▶ **Work request**:
No picture belongs in the answer, which must hold exactly the lines from the one with "Boy drinking mineral" through the final line below.

▶ **Information supplied**:

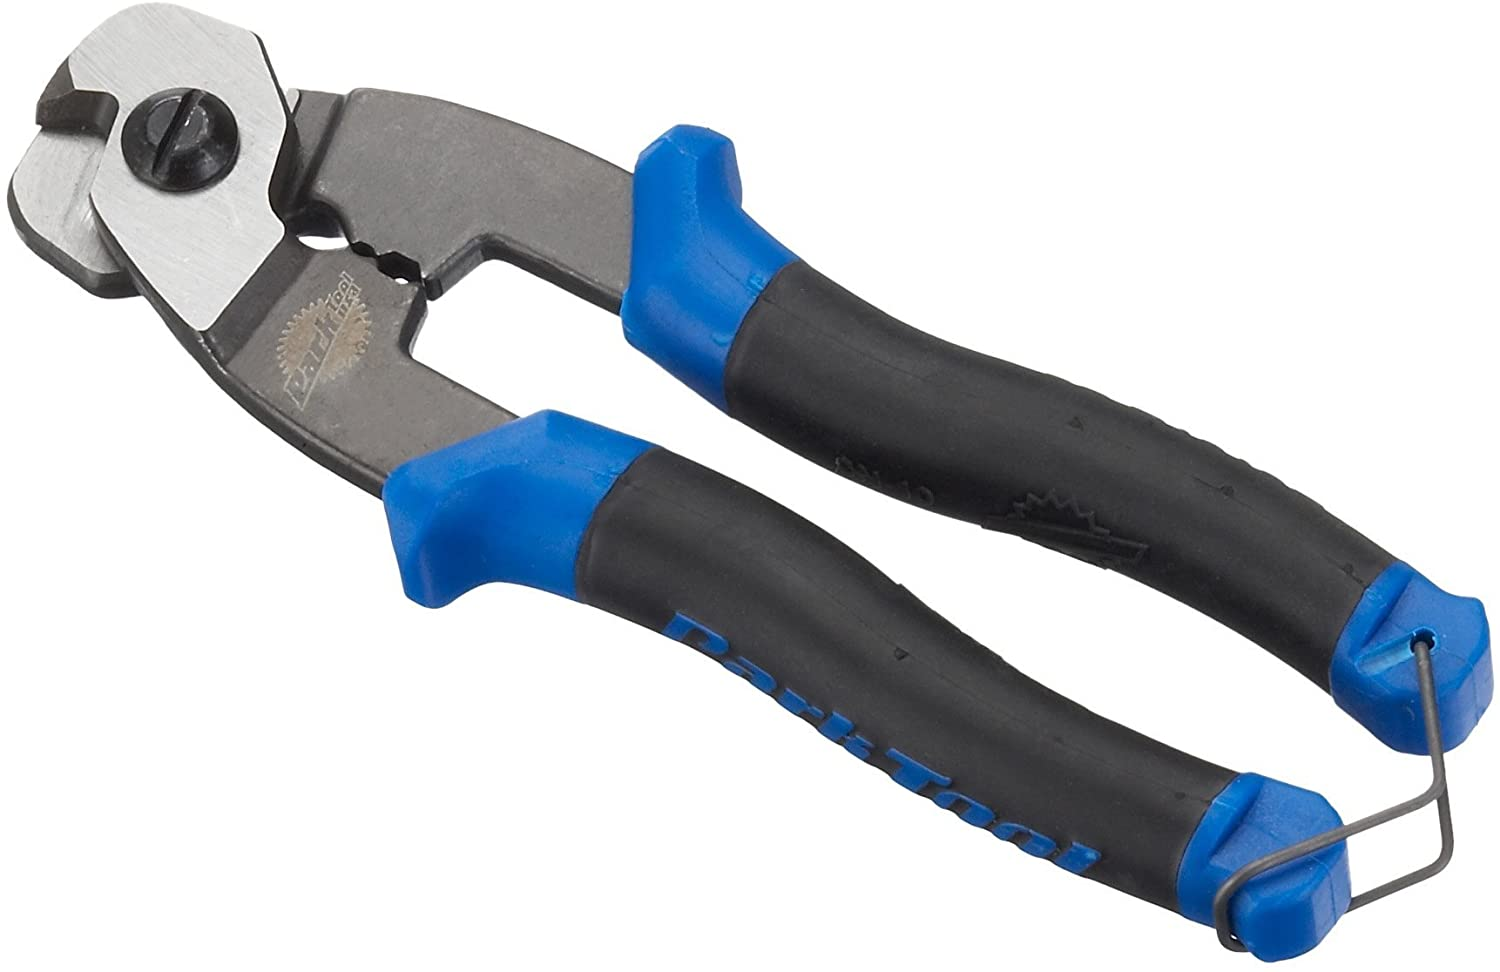 Wire cutters like these are handy for cutting cables and crimping.
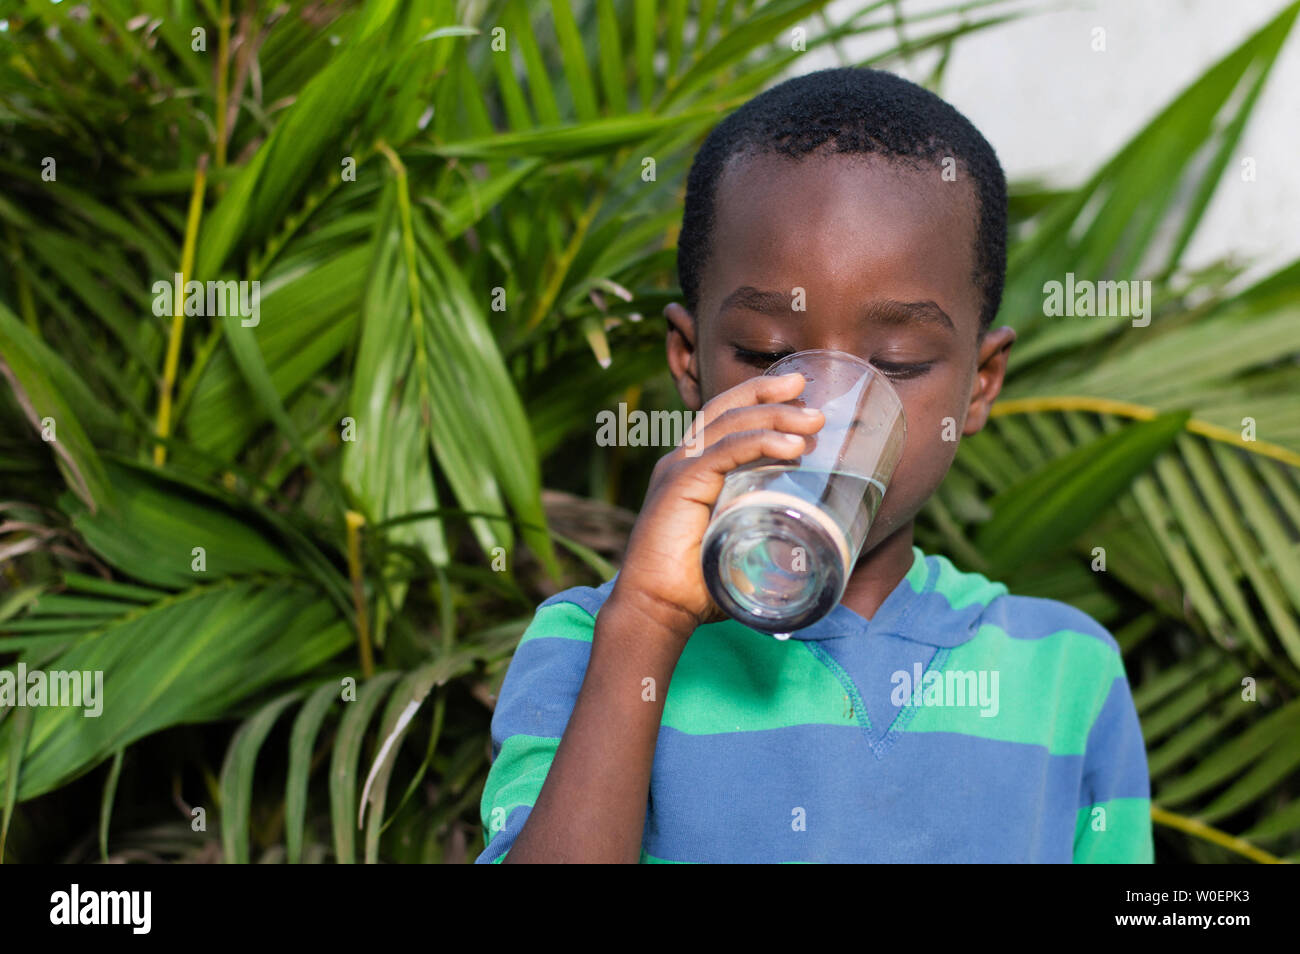 Boy drinking mineral water in a glass. Stock Photo
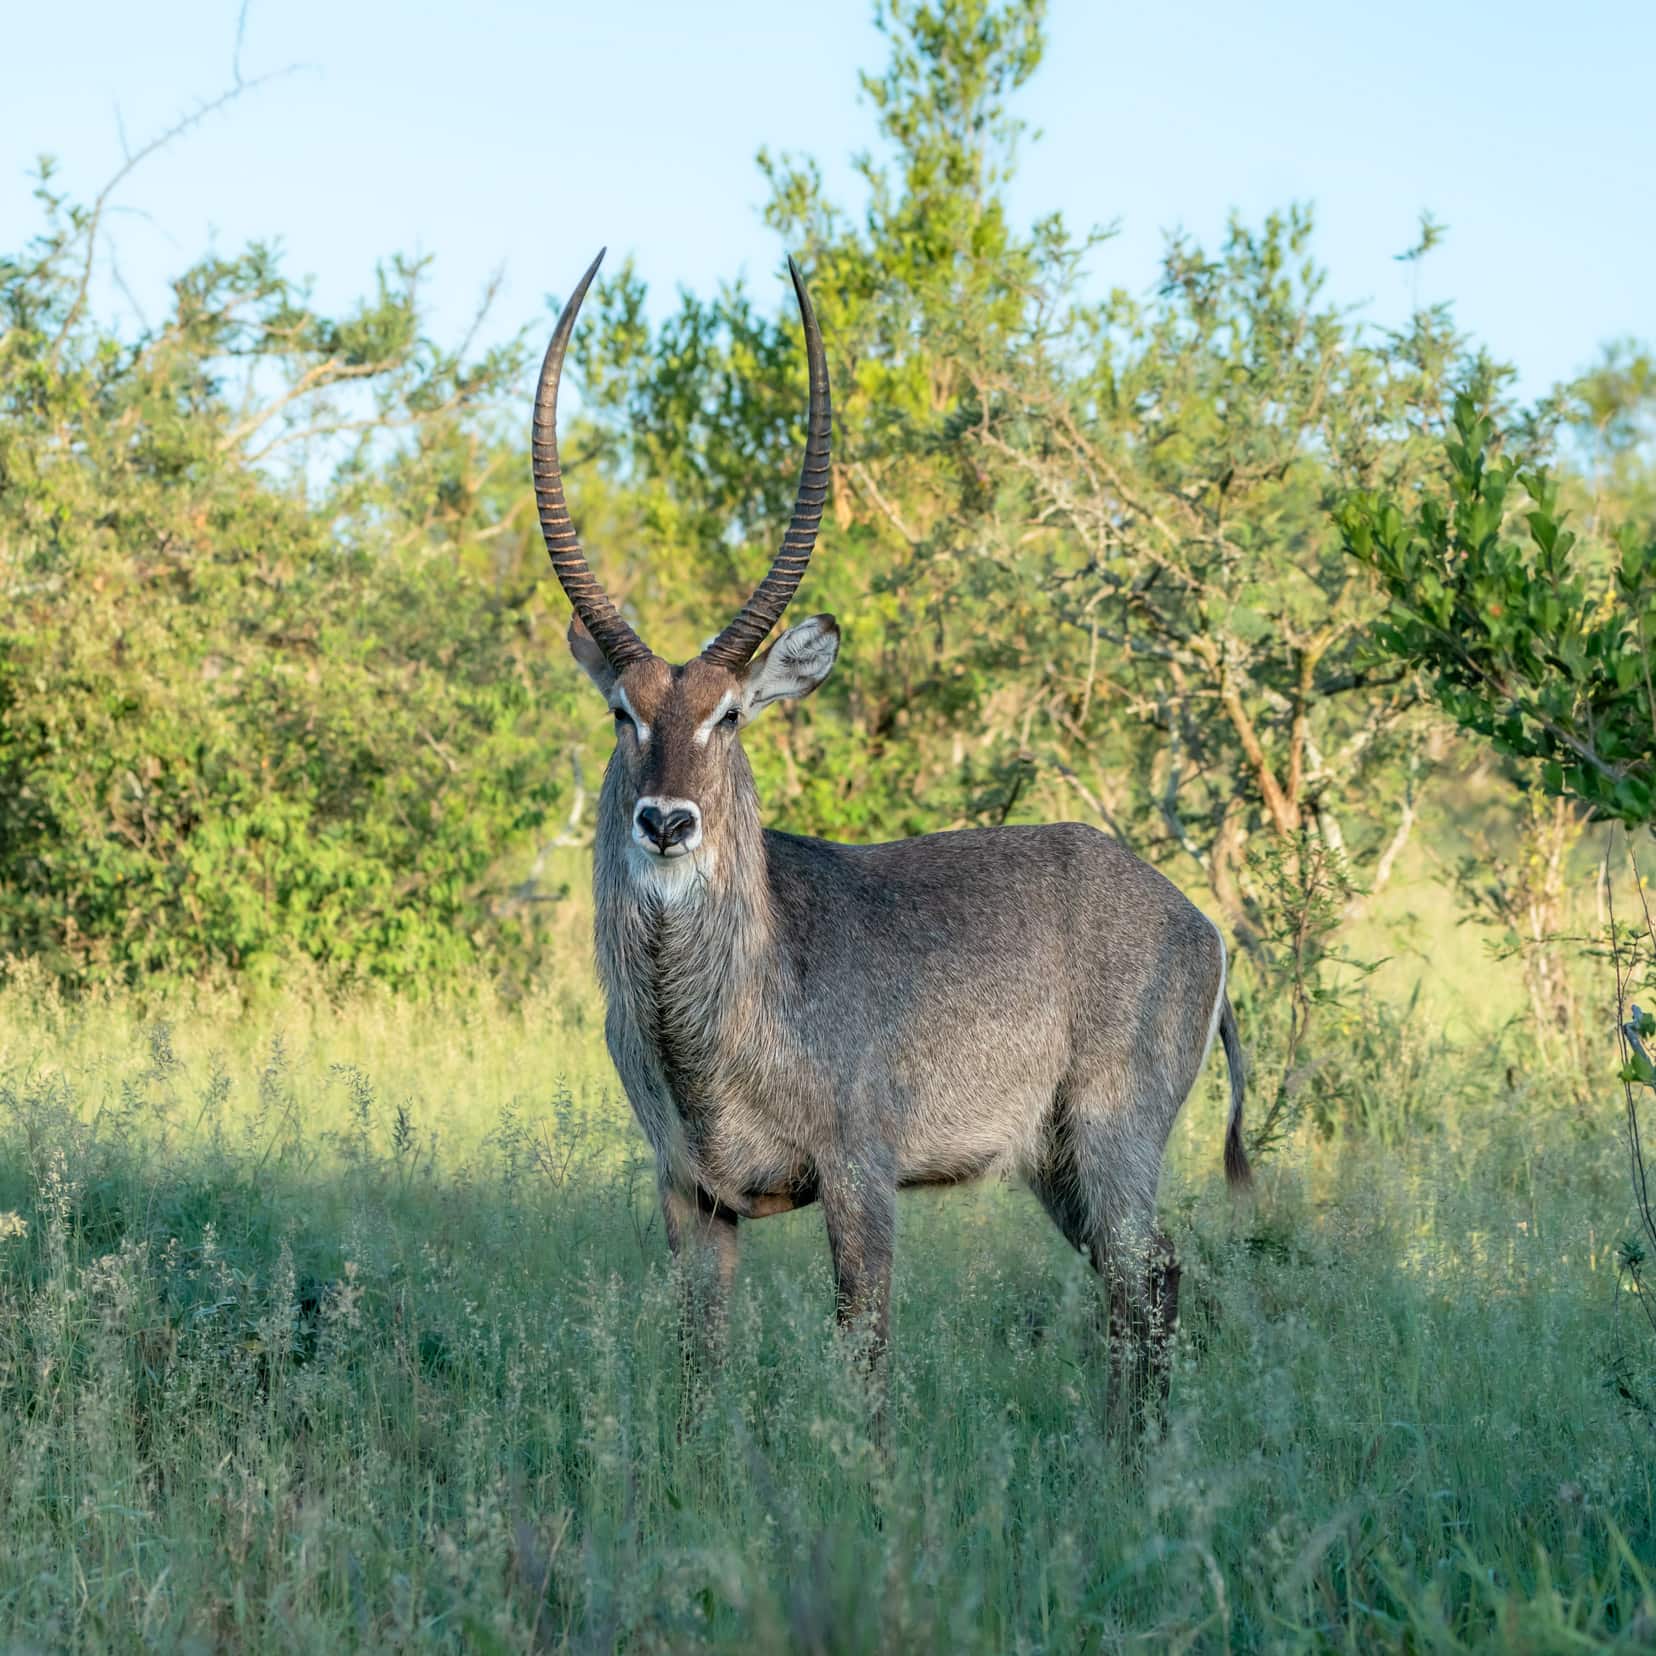 Waterbuck male with long horns in long grass in Kruger

▶ **Solution to the problem**:
 Boy drinking mineral water in a glass. Stock Photo
 Waterbuck male with long horns in long grass in Kruger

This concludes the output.